ABOUT THIS EXERCISE >> Verbatim output of the lines below is required, with the images omitted.

═════ SOURCE MATERIAL

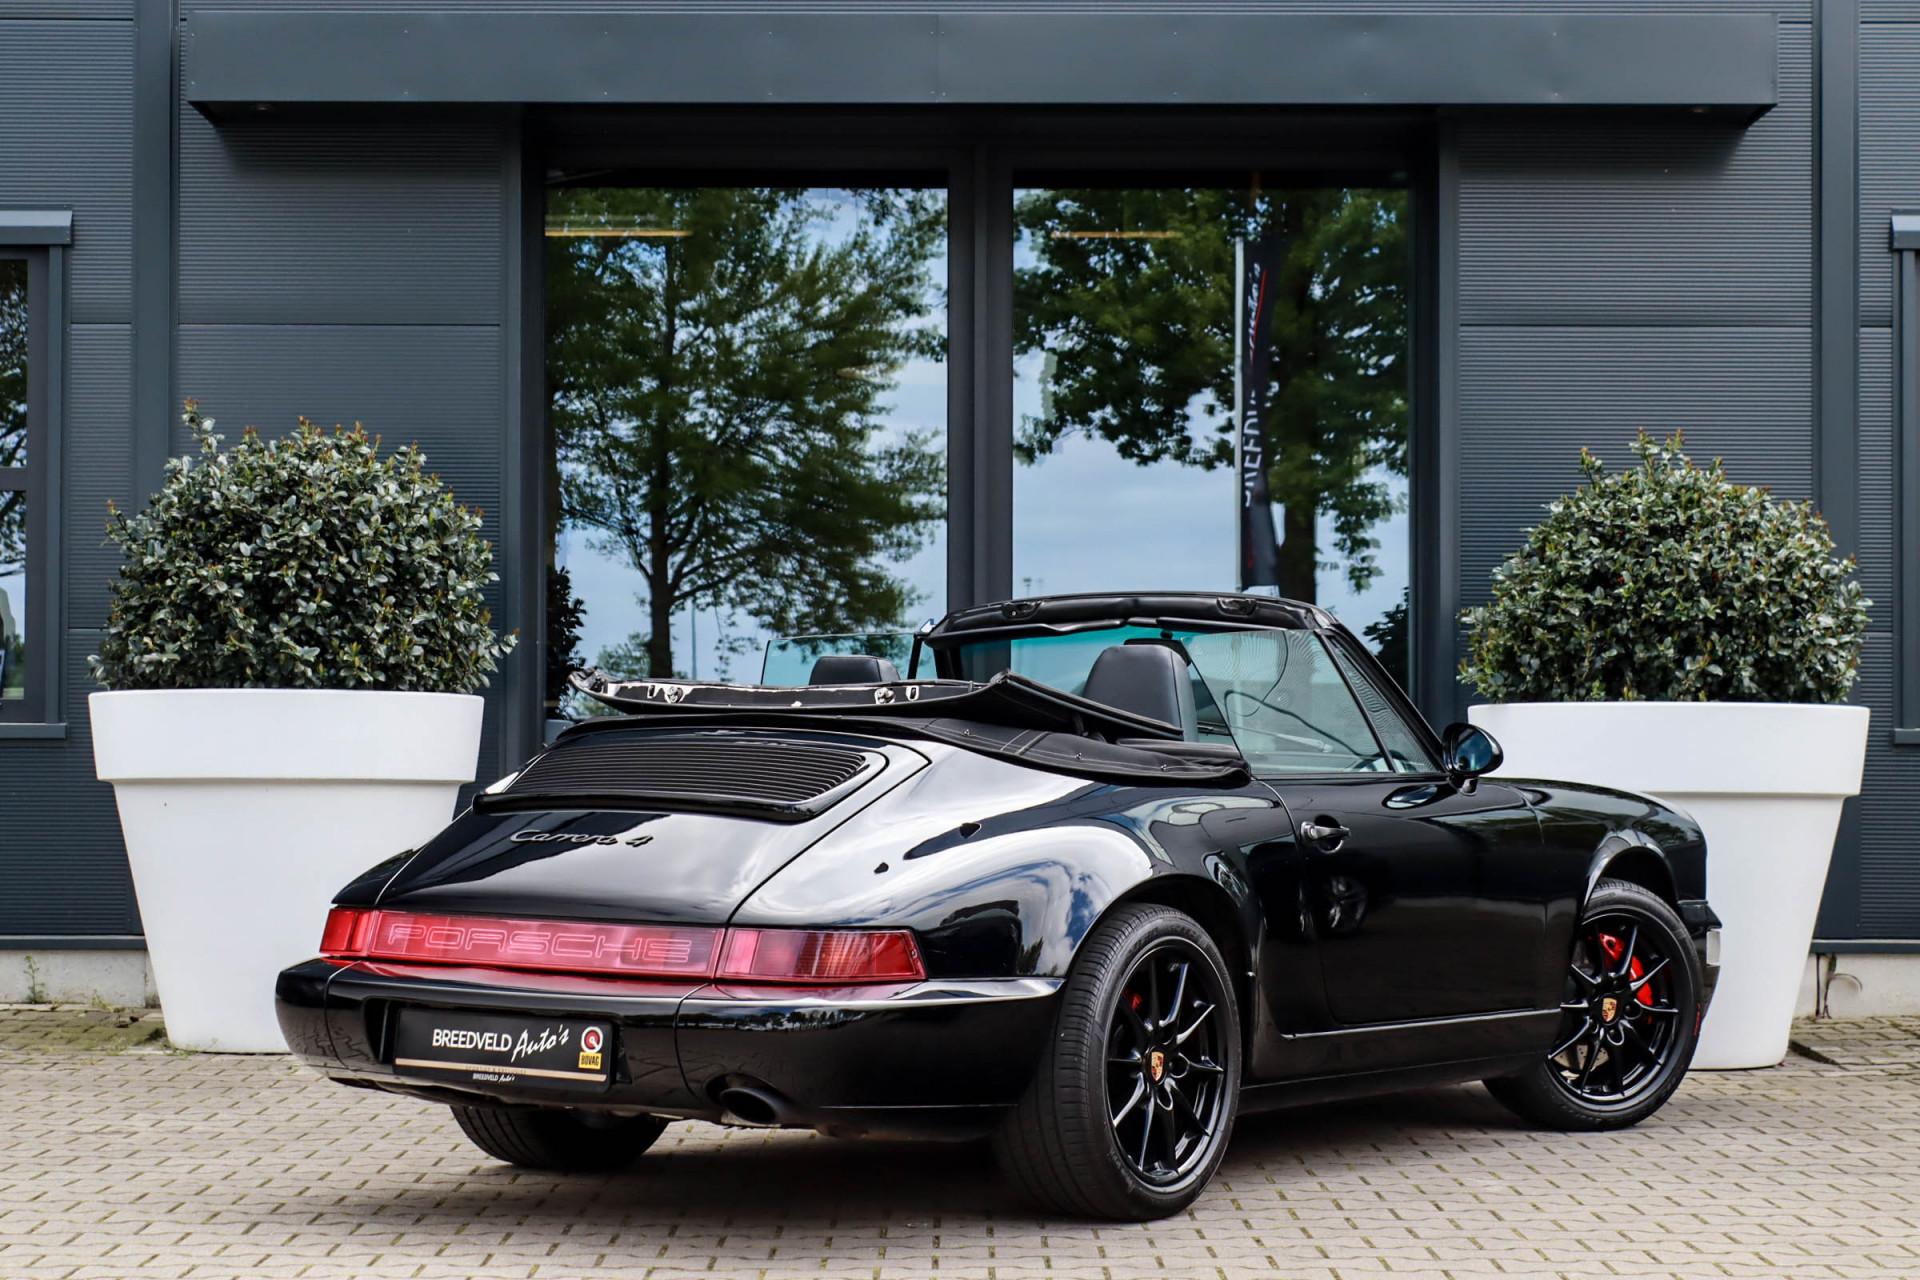 Tweedehands Porsche 911 Cabrio 1991 occasion
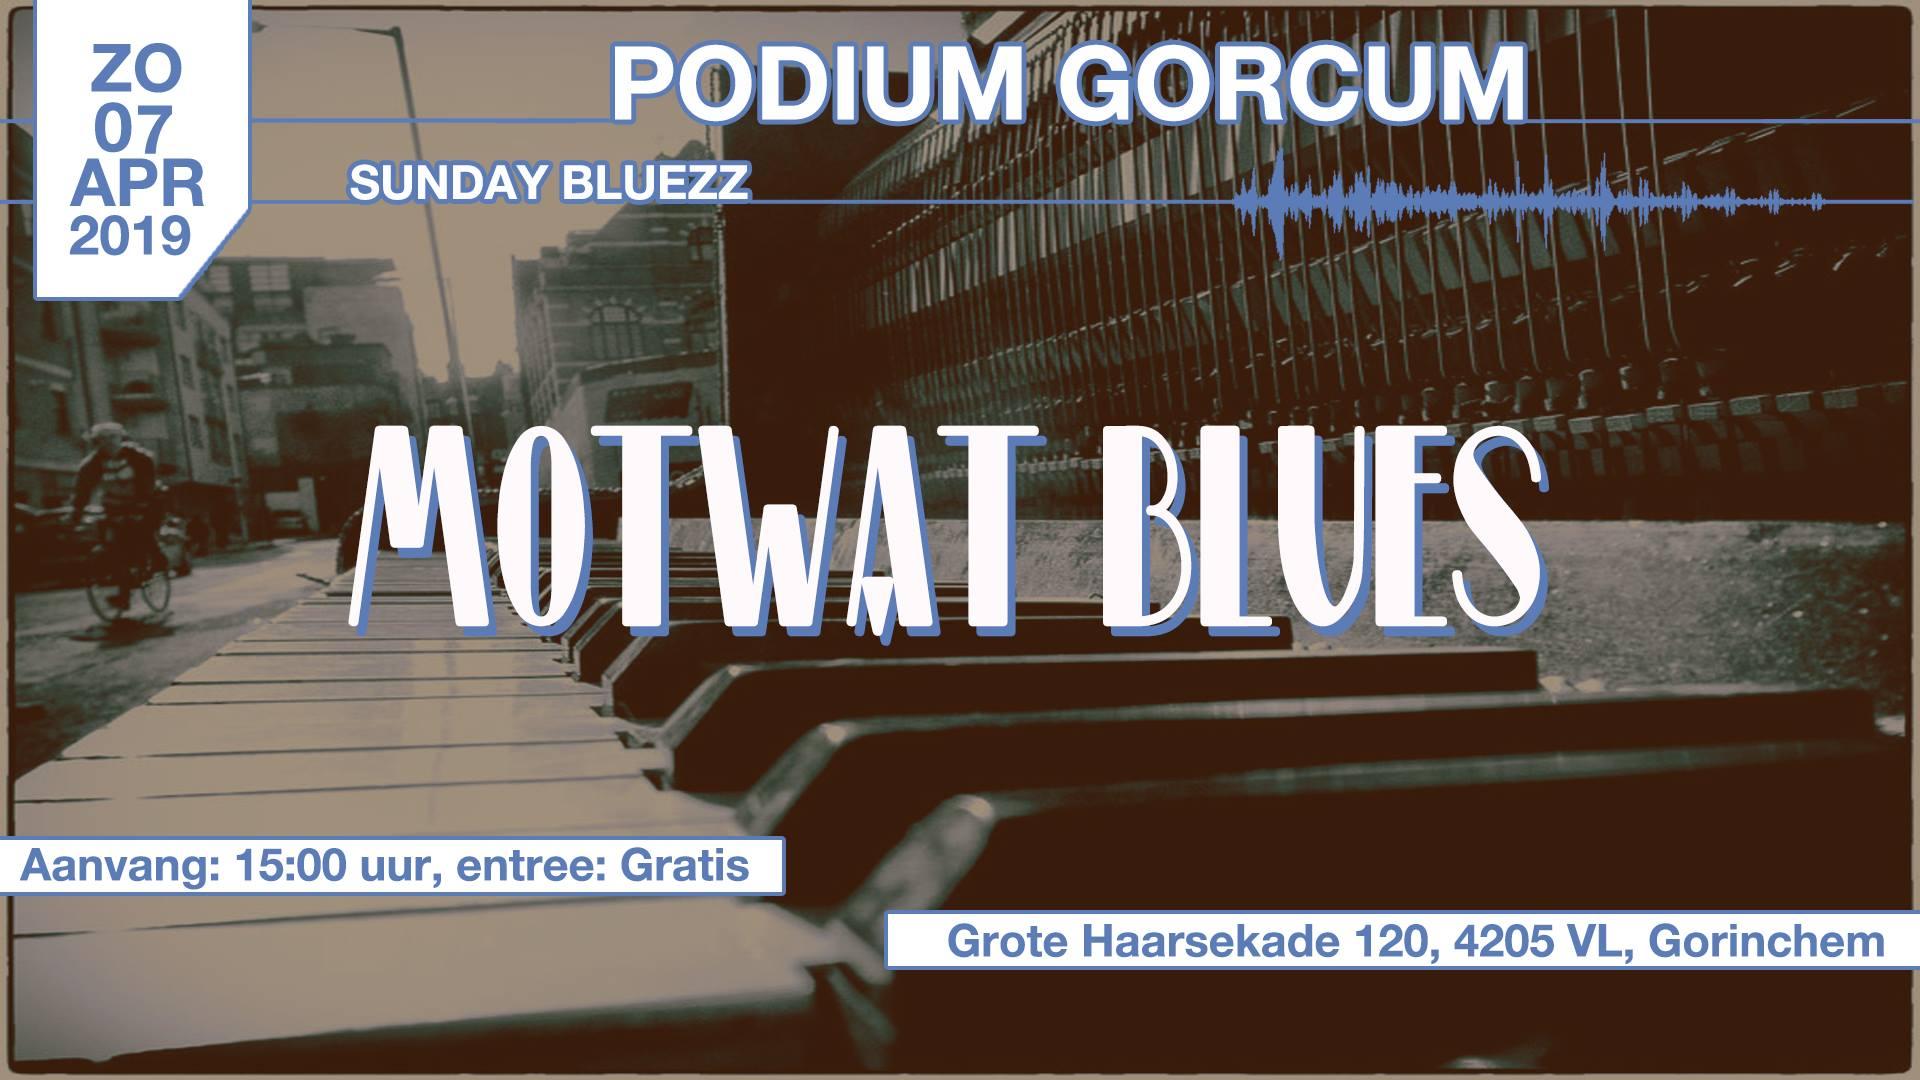 Sunday Bluezz met Mot Wat Bluezz @ Podium Gorcum
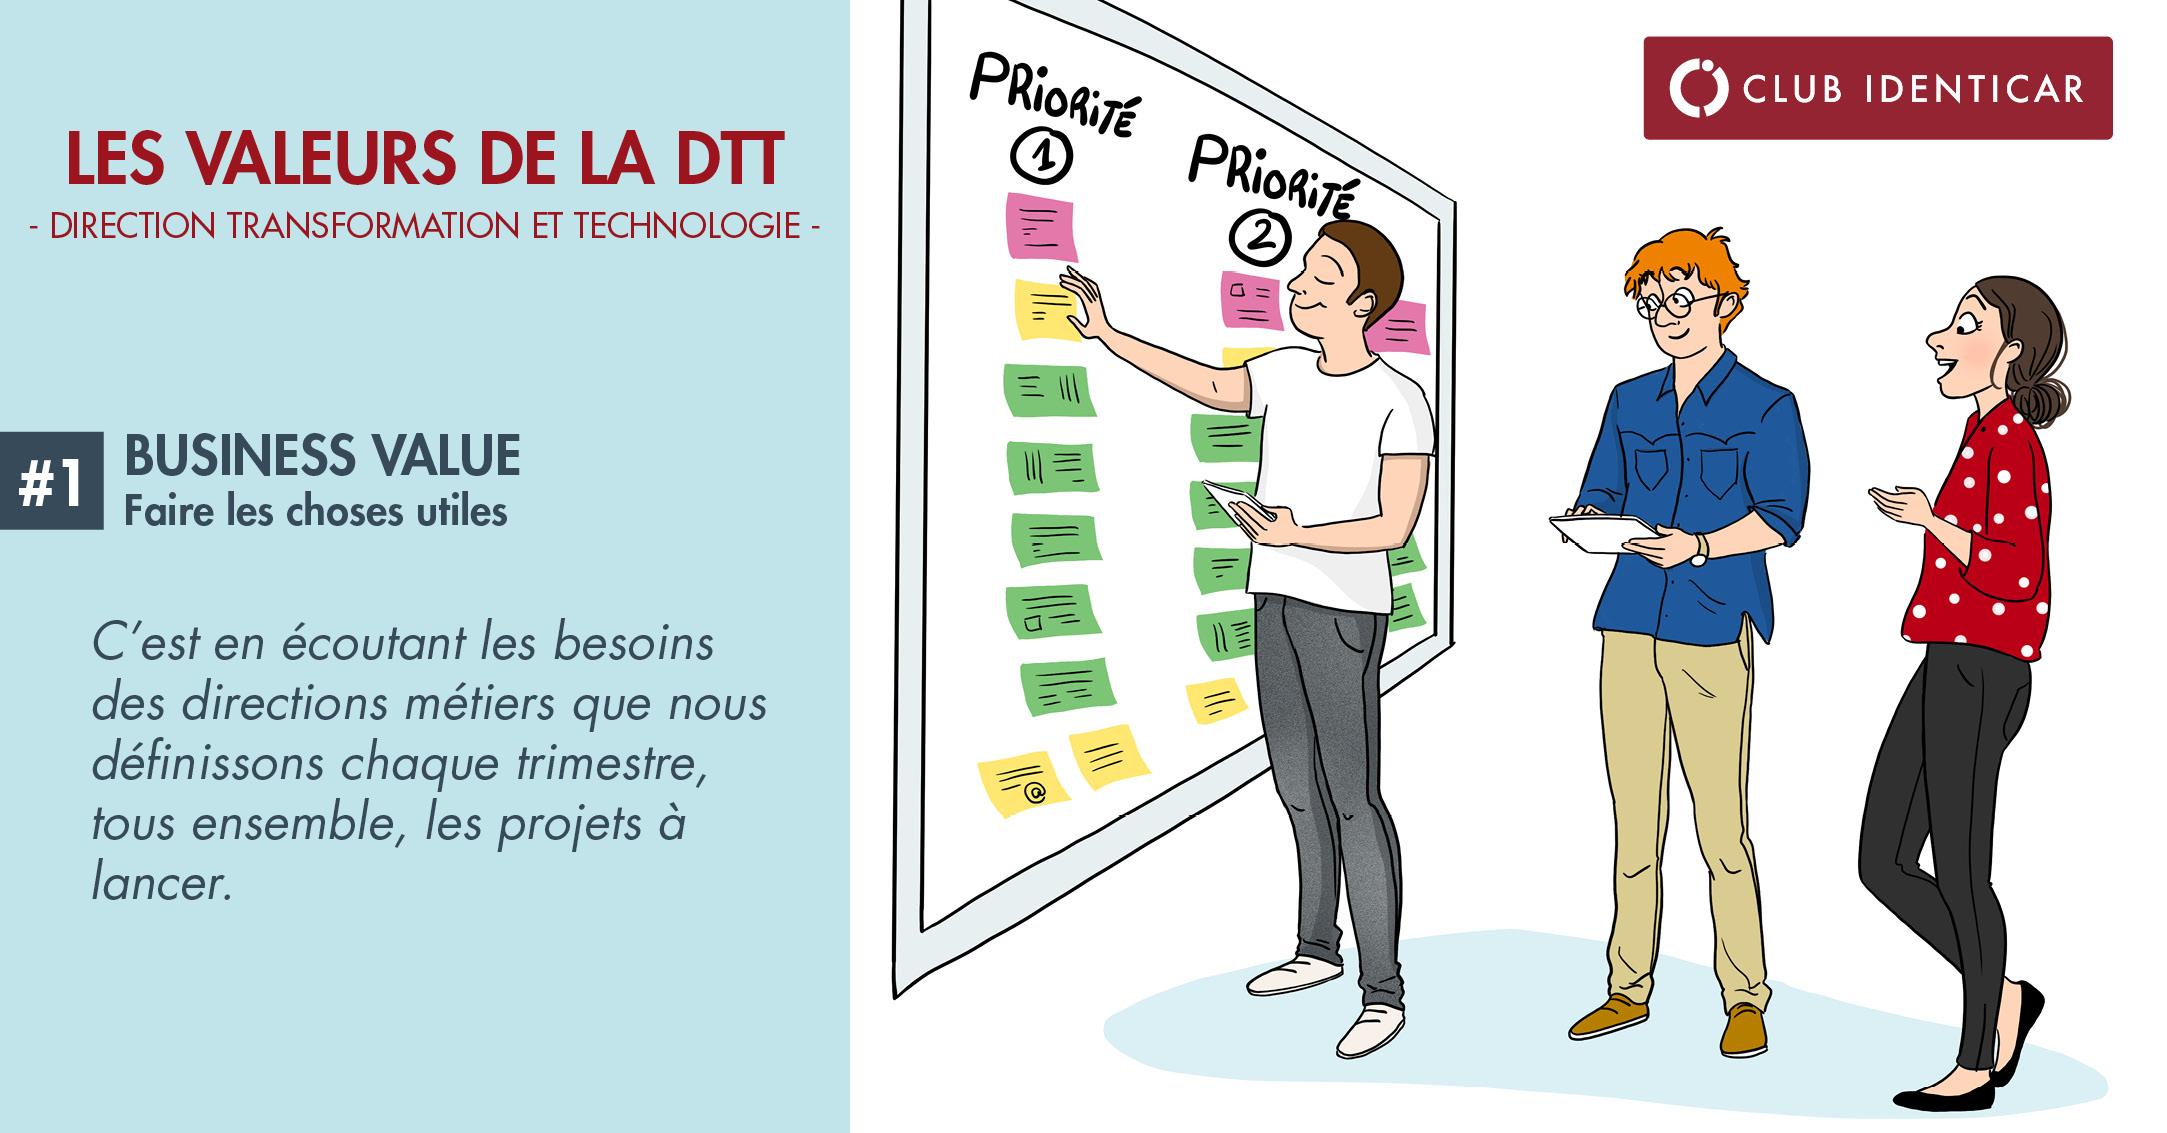 Les valeurs de la DTT

══════════

EXERCISE RESPONSE >>
 Tweedehands Porsche 911 Cabrio 1991 occasion
 Sunday Bluezz met Mot Wat Bluezz @ Podium Gorcum
 Les valeurs de la DTT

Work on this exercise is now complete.